Seems to be related to #117.

Also, it looks like the NNCF path used per-channel activation quantization, while the POT path used per-tensor quantization. This might be a sign of HW config file misalignment between NNCF and POT (our fault), or mismatching configurations between POT and NNCF if you did not use specific HW configuration. Try forcing per-tensor in NNCF via config file parameters ("per_channel": false) as a workaround in NNCF and see if it improves the situation.

from nncf.

vshampor avatar vshampor commented on May 29, 2024

Try checking out #124 to see if it fixes the FakeQuantize order in NNCF.

from nncf.

seanxxia avatar seanxxia commented on May 29, 2024

Seems to be related to #117.

Also, it looks like the NNCF path used per-channel activation quantization, while the POT path used per-tensor quantization. This might be a sign of HW config file misalignment between NNCF and POT (our fault), or mismatching configurations between POT and NNCF if you did not use specific HW configuration. Try forcing per-tensor in NNCF via config file parameters ("per_channel": true) as a workaround in NNCF and see if it improves the situation.

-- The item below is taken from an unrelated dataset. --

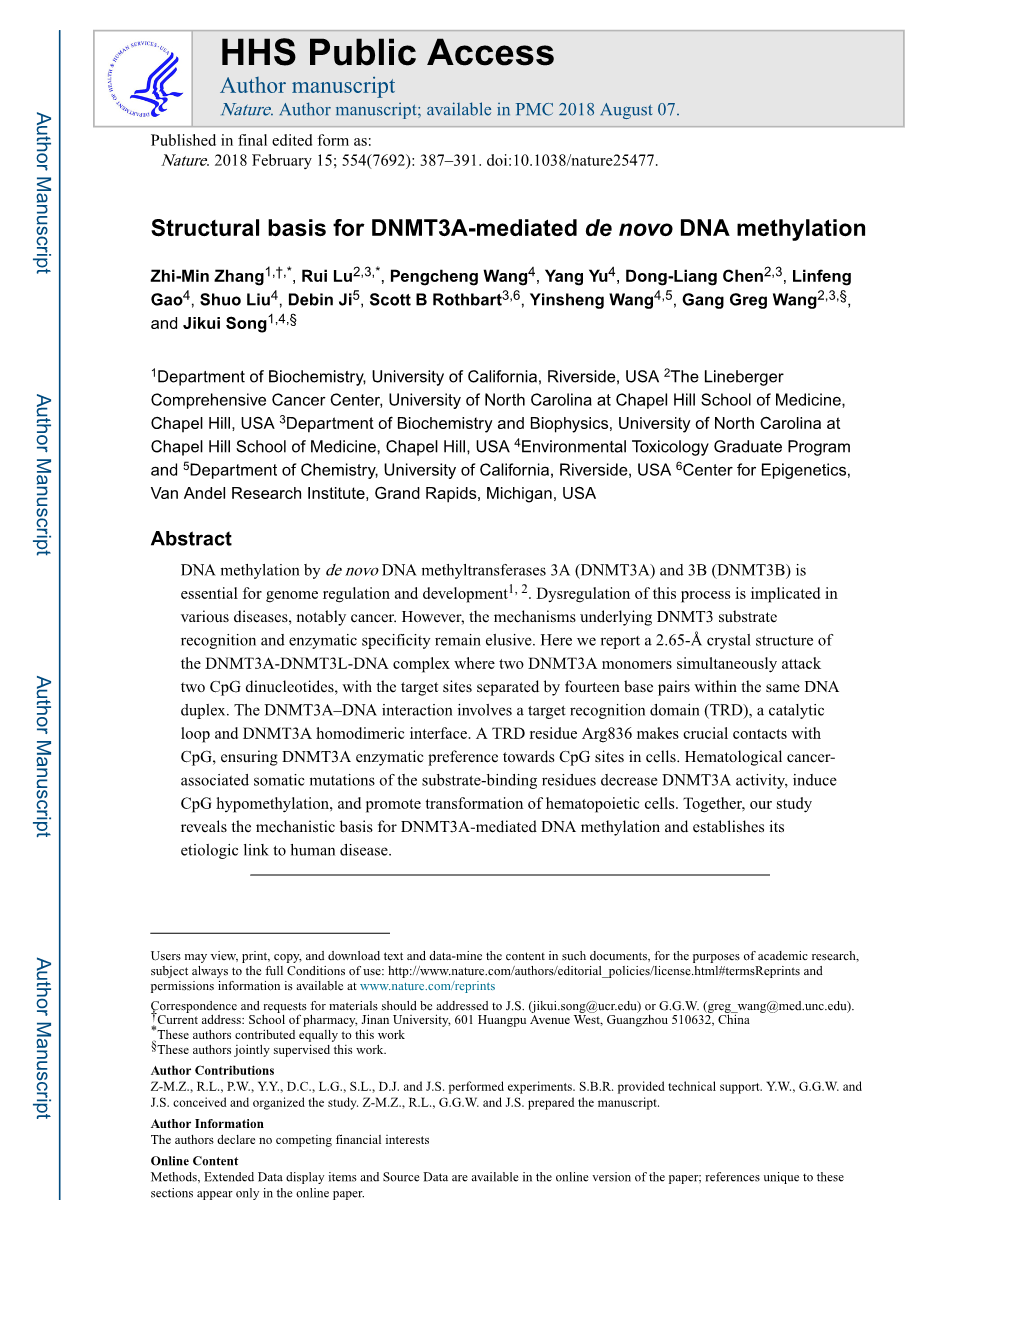 Structural Basis for DNMT3A-Mediated De Novo DNA Methylation

Hi, thank you for the fast reply :-)
I used ("hw_config_type": "cpu") on the NNCF config. Did you mean that directly add ("per_channel": true) on the NNCF config? Thank you.

from nncf.

vshampor avatar vshampor commented on May 29, 2024

@summer110669 - sorry, made a mistake there - should read "per_channel": false, of course. I edited the comment so as not to mislead future readers. Add the "per_channel": false line at the same level in the .json structure as the "algorithm": "quantization" key-value pair.

from nncf.

seanxxia avatar seanxxia commented on May 29, 2024

@summer110669 - sorry, made a mistake there - should read "per_channel": false, of course. I edited the comment so as not to mislead future readers. Add the "per_channel": false line at the same level in the .json structure as the "algorithm": "quantization" key-value pair.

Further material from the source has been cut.